Departing as the director of Human Resources Services, Shirey said the timing for retirement “just seemed right” and instead of making plans for her free time, she’ll just go with the flow.

“I might just sleep for the first month,” Shirey, 54, said. “I should catch up on that.”

Shirey held the director position for six-and-a-half years and said she dealt with the typical duties of payroll, benefits and data systems, but also, “anything from one coworker shoving another to employee theft.”

CSU opened up a search in early August for Shirey’s replacement and in the process, tweaked the position name and tacked on more responsibilities to the job description.

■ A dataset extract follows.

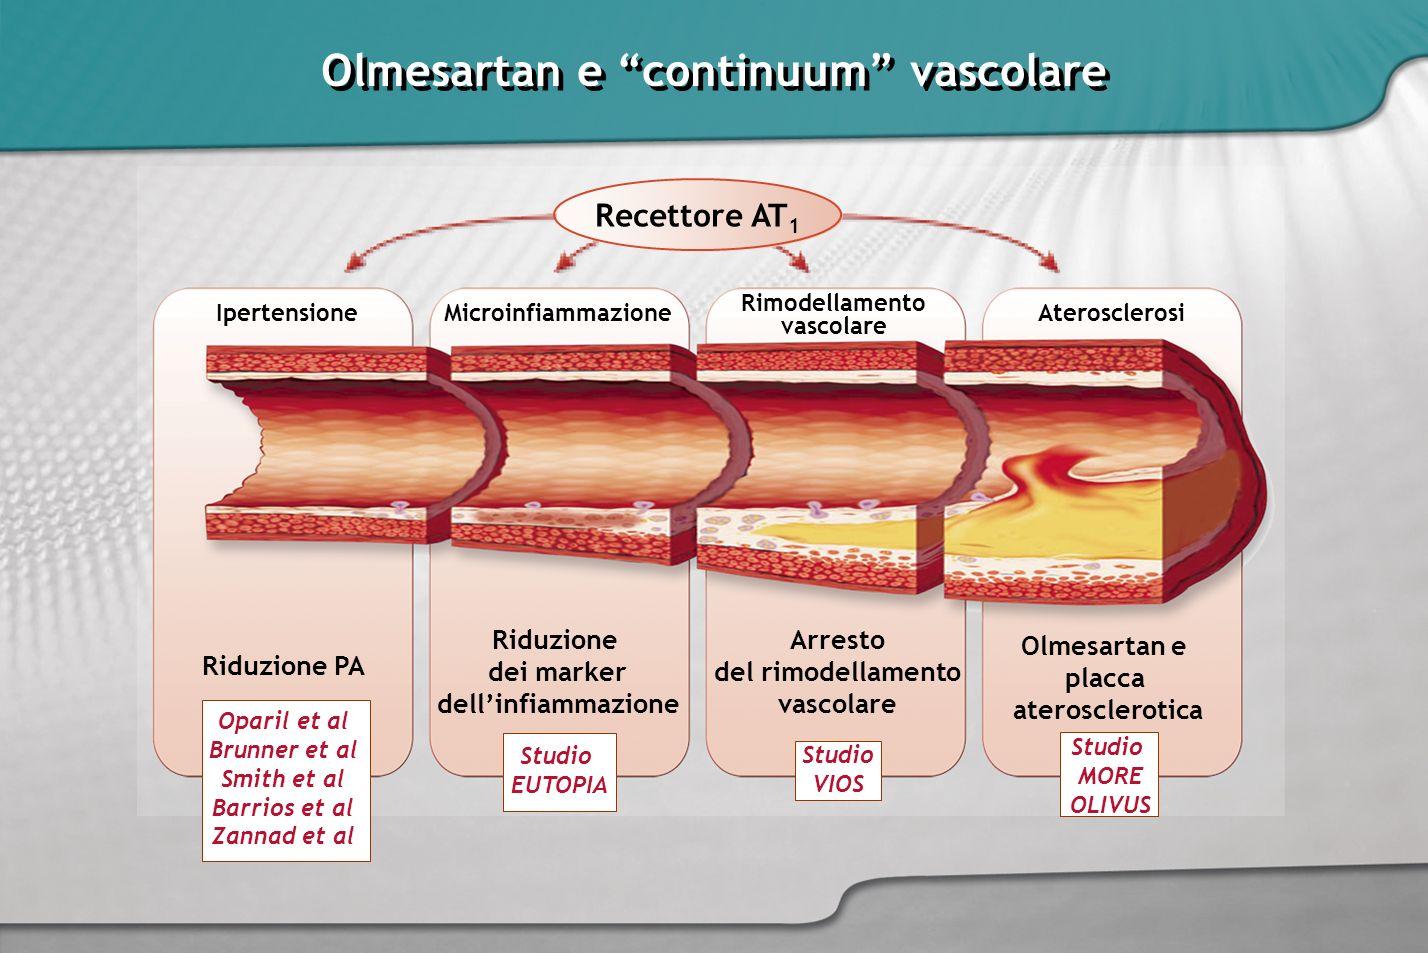 Olmesartan e continuum vascolare Rimodellamento vascolare MicroinfiammazioneIpertensioneAterosclerosi Arresto del rimodellamento vascolare Riduzione d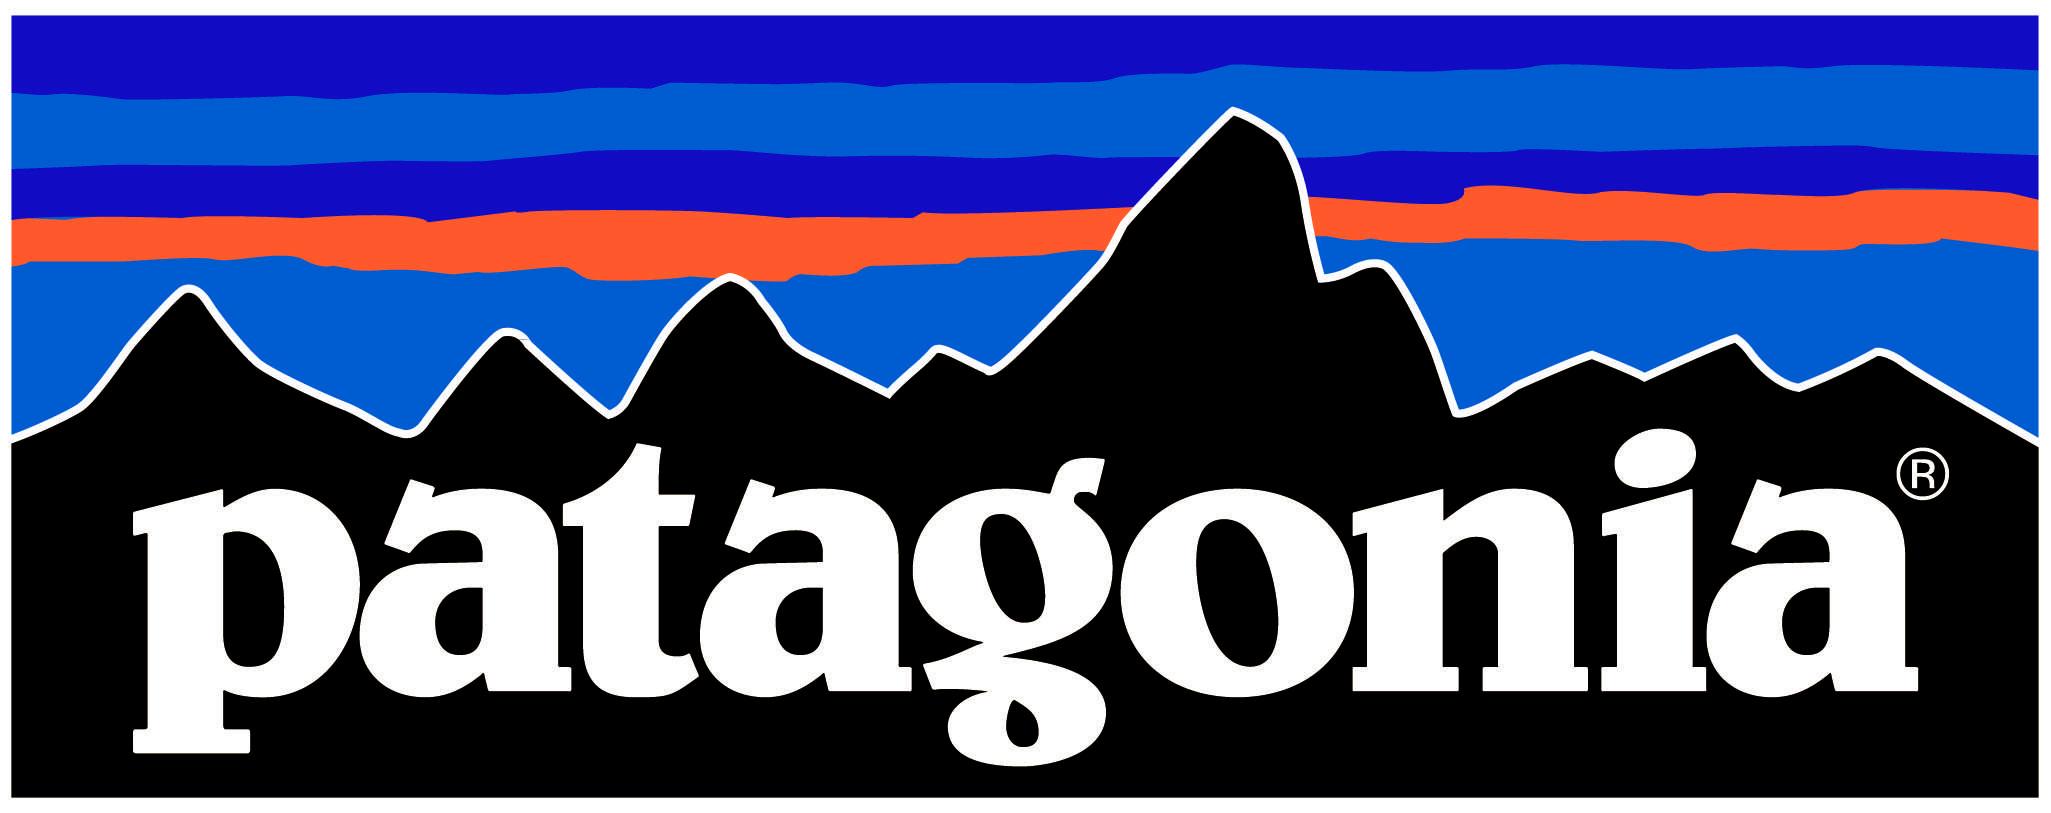 patagonia-logo-1.jpg

The person that takes the position will operate under the title of associate vice president for Human Resource Services and, according to the job description, handle the employee assistance program, benefits, payroll, compensation and classification systems, state classified recruitment, data systems and record organization.

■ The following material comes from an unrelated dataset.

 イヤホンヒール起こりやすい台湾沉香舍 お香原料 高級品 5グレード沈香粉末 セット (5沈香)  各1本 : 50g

Lynn Johnson, associate vice president for Finance and Budget, heads up the search committee and said the person to take Shirey’s place will often cross paths with sensitive information and will be “required to protect such information in accordance with applicable confidentiality policy and procedures.”

Shirey, who had racked up enough retirement money to live comfortably after parting with the university, compared CSU to a small town and said it’s “kind of fun” to work through everyday problems.

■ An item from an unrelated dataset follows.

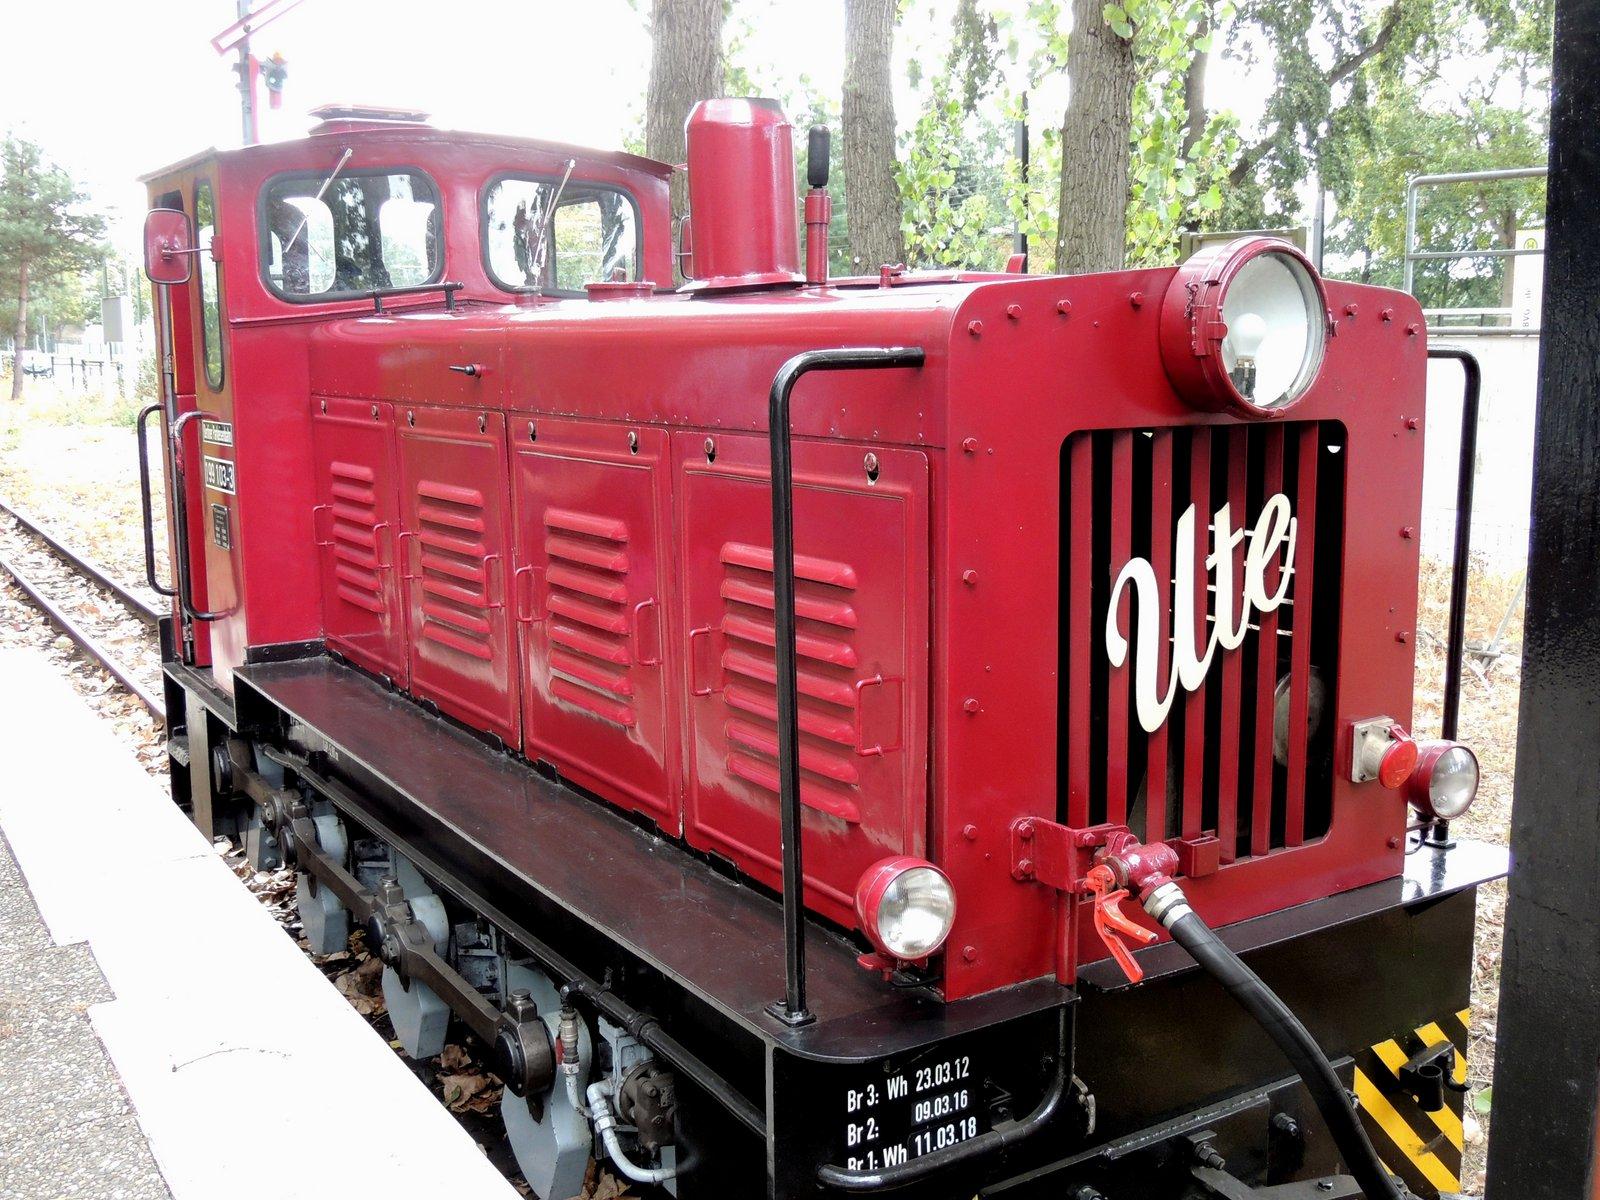 Die Parkeisenbahn in der Wuhlheide - Lokomotive Ute

“Anything that can happen in a city can happen right here,” she said.

Her mother retired at 55, and Shirey said she’s following in the footsteps so she can spend more time living life –– hiking, reading, volunteering.

“People always said, ‘What are you going to do with your time?’ And my parents said, ‘Well, I don’t know how I even found time to work,’” she said. Shirey grew up in Gary, Ind. and hopes to visit her family back home more often.

The person who takes her place, she said, should be a natural problem solver because “you spend a lot of time trying to understand people in this job.” Also, he or she should have a good understanding of personnel law.

The job will also entail developing and interpreting employee policies, managing unemployment claims and providing “support” to administrators with disciplinary or employee relation action that needs to be taken.

The application period for full consideration is set to close on Sept. 13, Johnson said, but the committee will continue to take submissions until the position is filled. Johnson hopes to have the position filled by mid-November but said the starting date will depend on his or her availability.

As of Tuesday, 65 individuals had applied for the position.

Johnson said she couldn’t disclose whether any CSU employees had thrown their name into the mix. The current salary exercise lists the current compensation at $135,500, but Johnson said the new person’s experience will determine his or her salary.

“It’s a job you can’t get away from, even when you’re on vacation,” Shirey said. “But it’s a great place with a lot of good people.”

Assistant News Editor Kirsten Silveira can be reached at

Meet Carol Shirey

  • Years with the university: 25
  • Plans after retirement: None specifically, but visiting family and spending more time reading, hiking and volunteering.
  • Leaving the university: November
  • Job responsibilities: Payroll and benefits, employment classification, records management and data systems.